You have right to determine how your image is used because you still own the copyright.  Just change "Client usage will be unlimited with respect to geography, medium, number of reprints" to whatever you want the parameters of use to be.  

Good luck!


----------



## craig (Nov 2, 2005)

I have always had a very nieve perception of copyright laws. Basically if the client pays me the photos are theirs. Things get a little dodgy when I shoot editorial work for the paper. In your case I would sit down with your buddy and explain the situation. You will need to consider the exposure that these photos are getting. If he was given the photos with no agreement I would let him keep them. This is (sort of) fair and may avoid a sticky argument that may prevent further work. If the work continues the above agreement will work well. When considering your fee keep in mind your experience. A seasoned veteran can charge a fortune for showing up on time. If you are new to the scene the charge is must less. Generally I provide what ever the client wants. A cd with contact prints seems standard.


----------



## JamesD (Nov 3, 2005)

MisledAmoeba said:
			
		

> This is a sample agreement I stole from a website a while ago:
> 
> 
> "Client will have (time period) exclusive use of the images.
> ...



I'm not sure with photography, but in literary works, the rights I've bolded above are usually limited by geography; for instance, "North American Rights," "European Rights," etc. Writing gets licensed like this so that you can make money in more than one market, but with photos of a specific subject, this probably wouldn't apply, unless you want them to pay you for additional licenses.

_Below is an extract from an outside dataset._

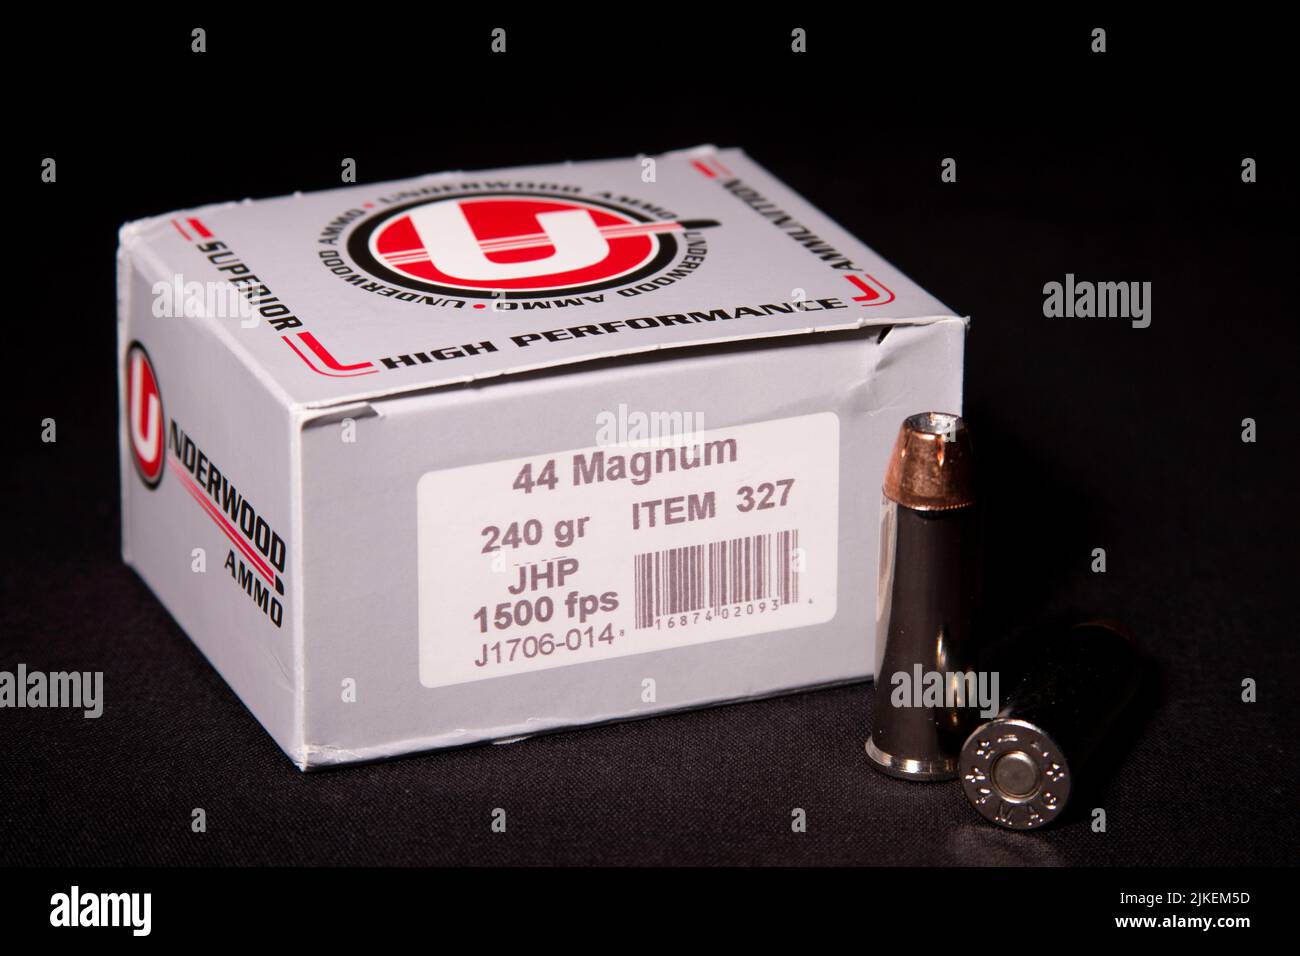 Underwood Ammo 44 Magnum 240gr JHP Banque D'Images

Also, you'd probably want base your license based on the number of prints and distribution they're going to make. IE, they wouldn't pay you as much for the right to make 100 prints, distributed only to the 1500 residents of Metropolitan Nowherevia as they would if they're making 1,000,000 copies for the 250,000,000 residents of the entire nation of Nomansland.

A google search on "photography licence" or variations thereof should turn up many, many references.


----------



## jstuedle (Nov 3, 2005)

> I have always had a very nieve perception of copyright laws. Basically if the client pays me the photos are theirs. Things get a little dodgy when I shoot editorial work for the paper.


 
If you are "on the payroll" of a company like a newspaper, mag. or lets say a  company that uses you to document there product, the pics are theirs. If you free lance for a company or shoot without benefit of direct employment, then you own the copyright. UNLESS you have a contract stating otherwise. The most valuable thing you own as a photographer is your images and the resulting copyright.


----------



## craig (Nov 3, 2005)

jstuedle said:
			
		

> If you are "on the payroll" of a company like a newspaper, mag. or lets say a  company that uses you to document there product, the pics are theirs. If you free lance for a company or shoot without benefit of direct employment, then you own the copyright. UNLESS you have a contract stating otherwise. The most valuable thing you own as a photographer is your images and the resulting copyright.



I get that part. My editorial work for the paper sometimes results in the inevitable "can I use this shot for my website or brochure etc". Generally explaining that the photo is property of the newspaper and they have to buy the rights for commercial purposes is tough. At that point I apply my commercial rates. More often then not I feel like I am robbing them. I mean they were nice enough to accommodate me. I got paid well for the shoot by the paper. Why get greedy? At that point I give them a bro rate. for some reason the publishers could care less. I know that is a really bad practice. Some how it works out well for everyone.


----------



## joshmenzies (Nov 7, 2005)

Thank you to everyone that has commented thus far. I'm using bits and pieces from everything to come up with my own contract. thank you again.


----------